→ Exercise directions: Using the records below, write out only the lines from the line containing "Playlist #Herbstmomente" up to and including the line containing "Alternate Image 1", exactly, with no pictures.

Top of Dataset records

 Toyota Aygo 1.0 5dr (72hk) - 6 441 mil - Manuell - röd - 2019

Bottom of Dataset records
Top of Dataset records

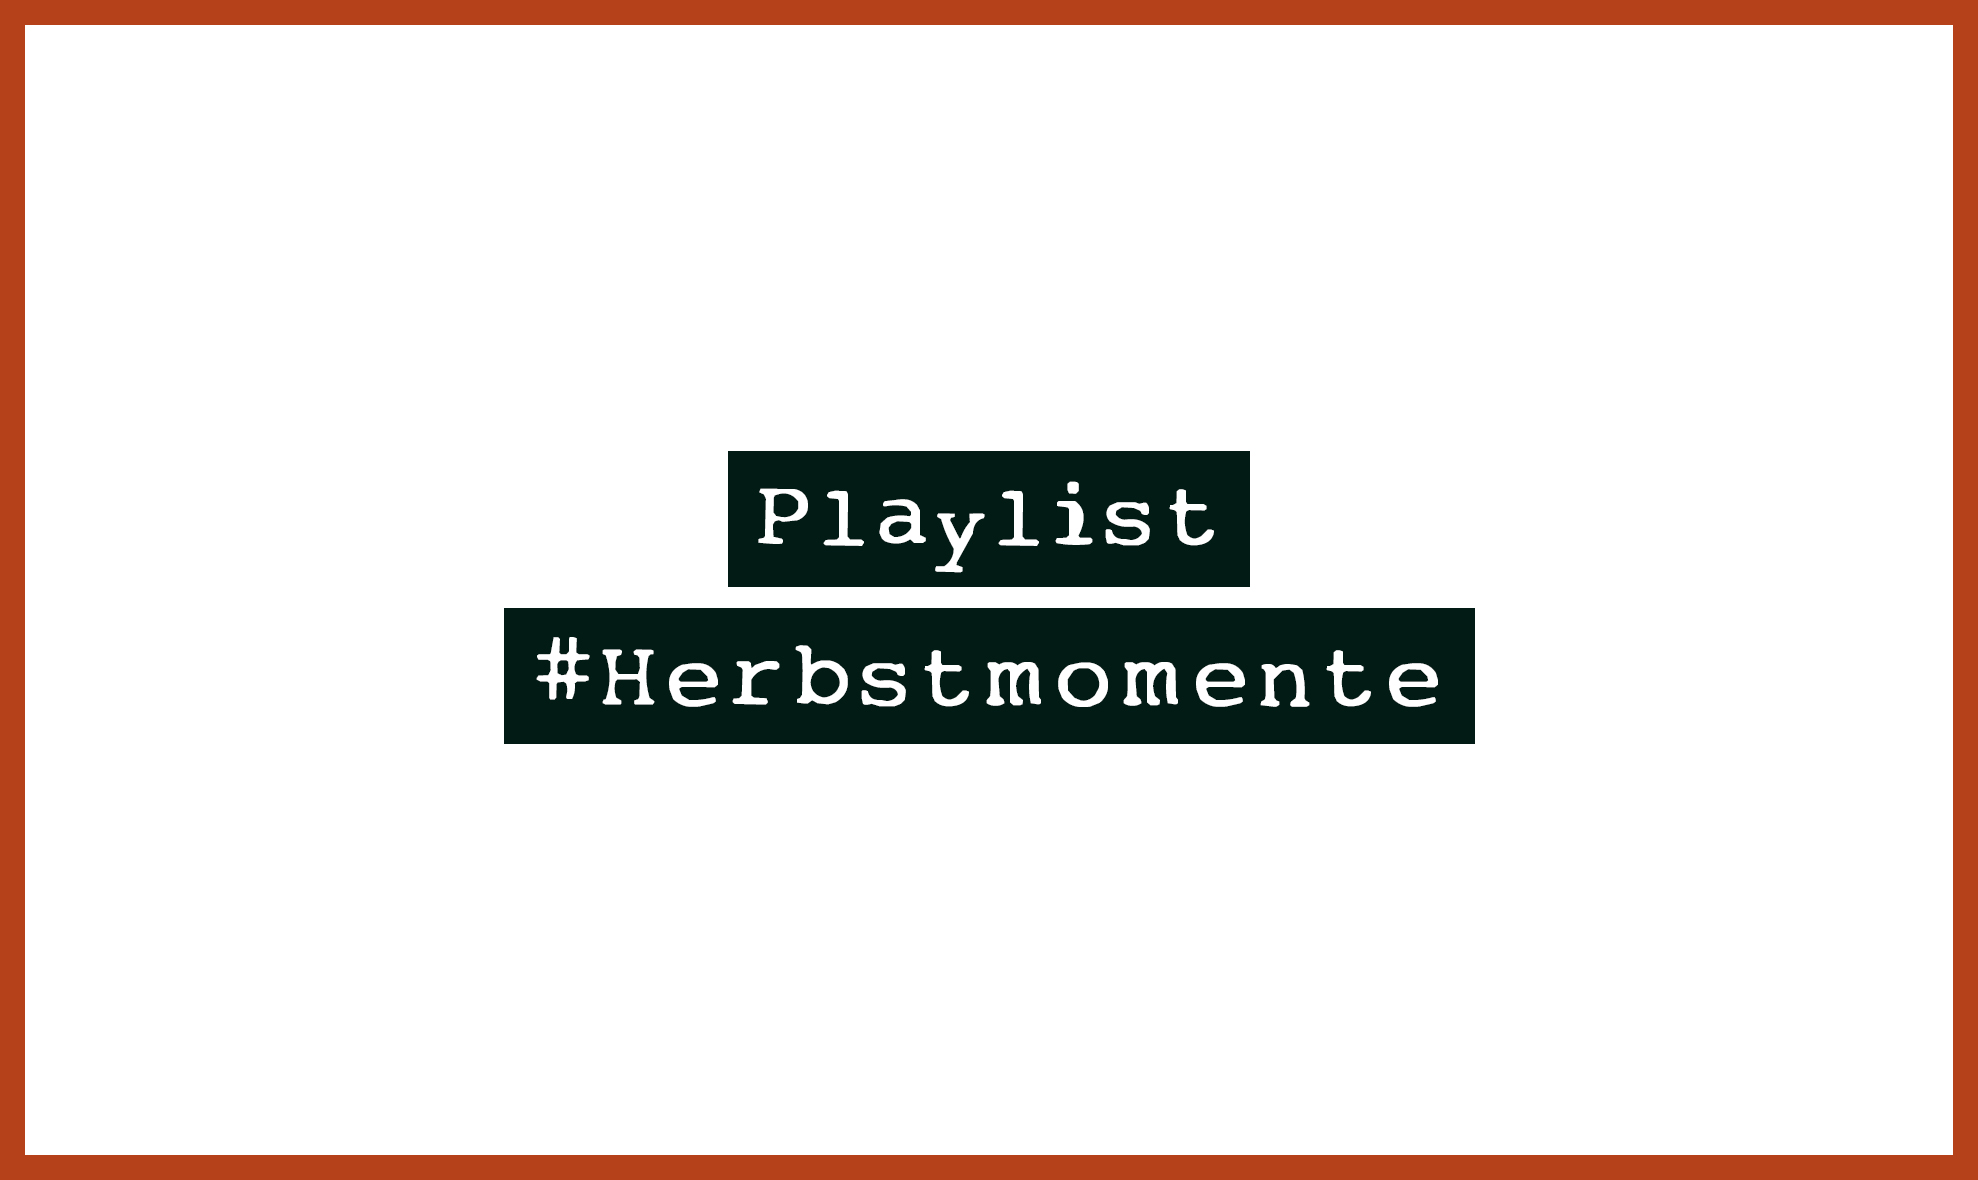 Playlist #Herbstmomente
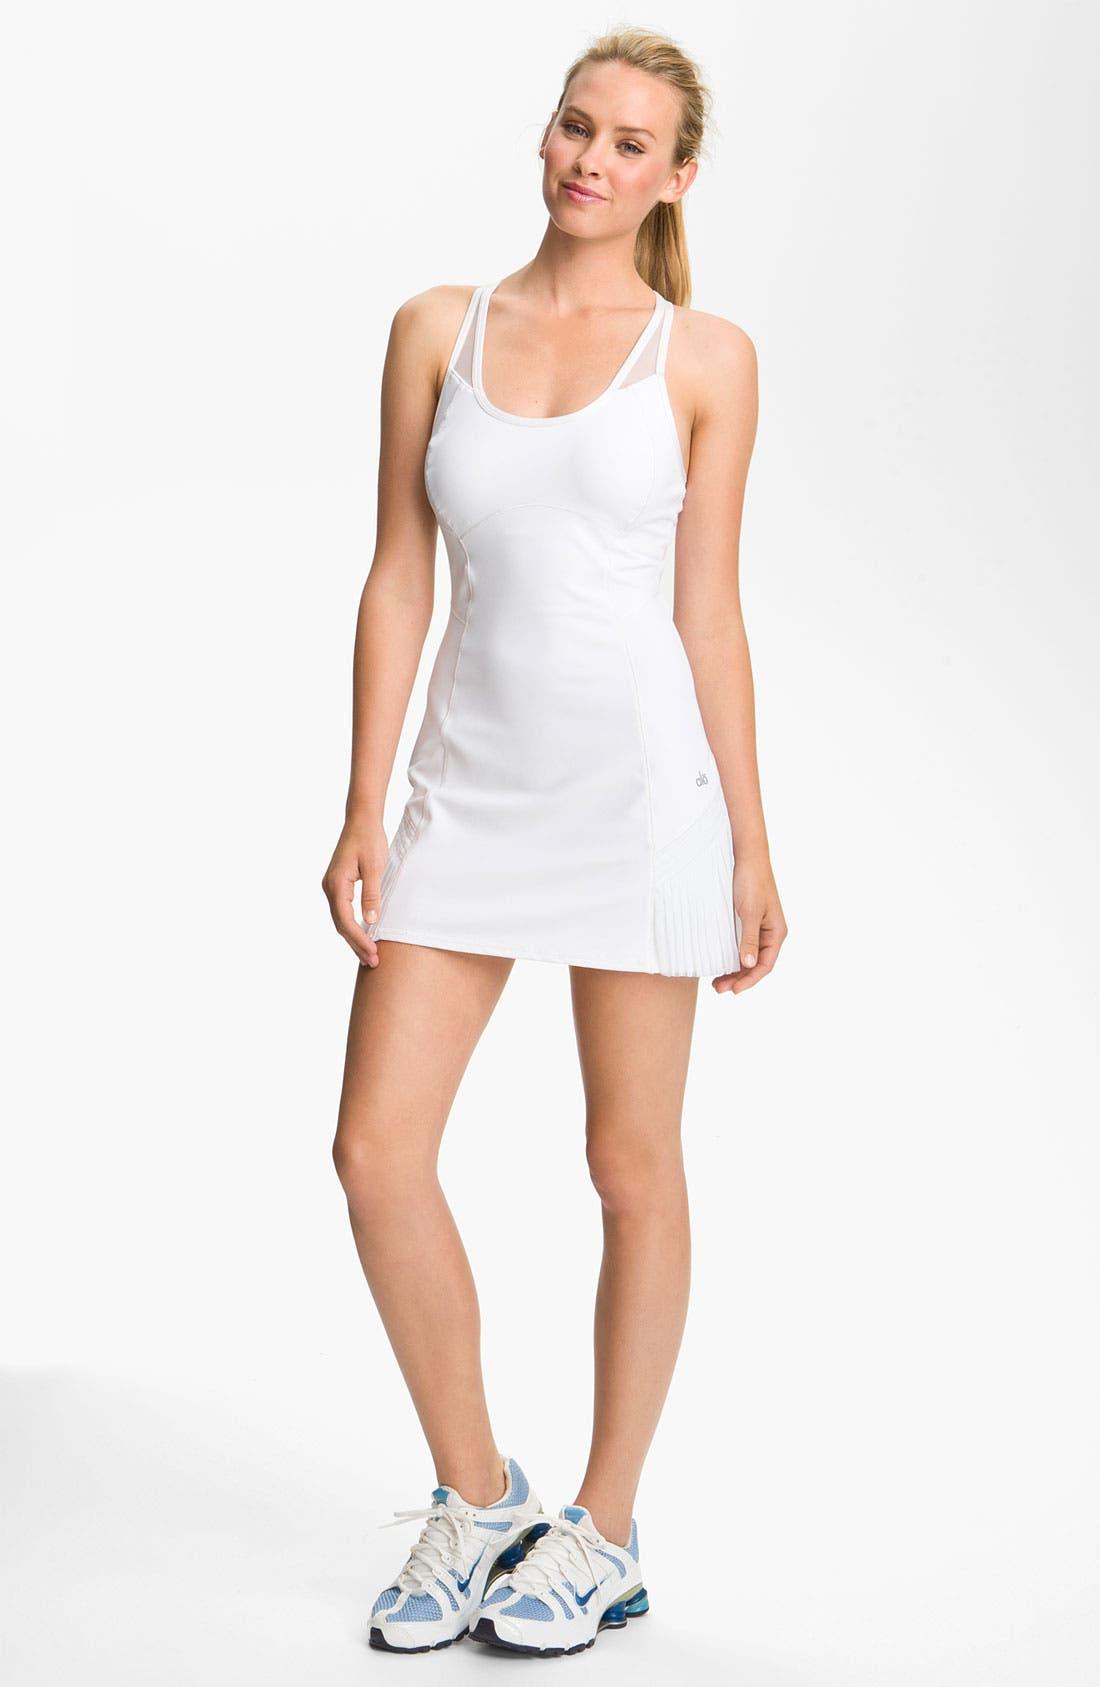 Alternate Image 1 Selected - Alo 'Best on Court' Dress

Bottom of Dataset records

→ Completed task:
 Playlist #Herbstmomente
 Alternate Image 1 Selected - Alo 'Best on Court' Dress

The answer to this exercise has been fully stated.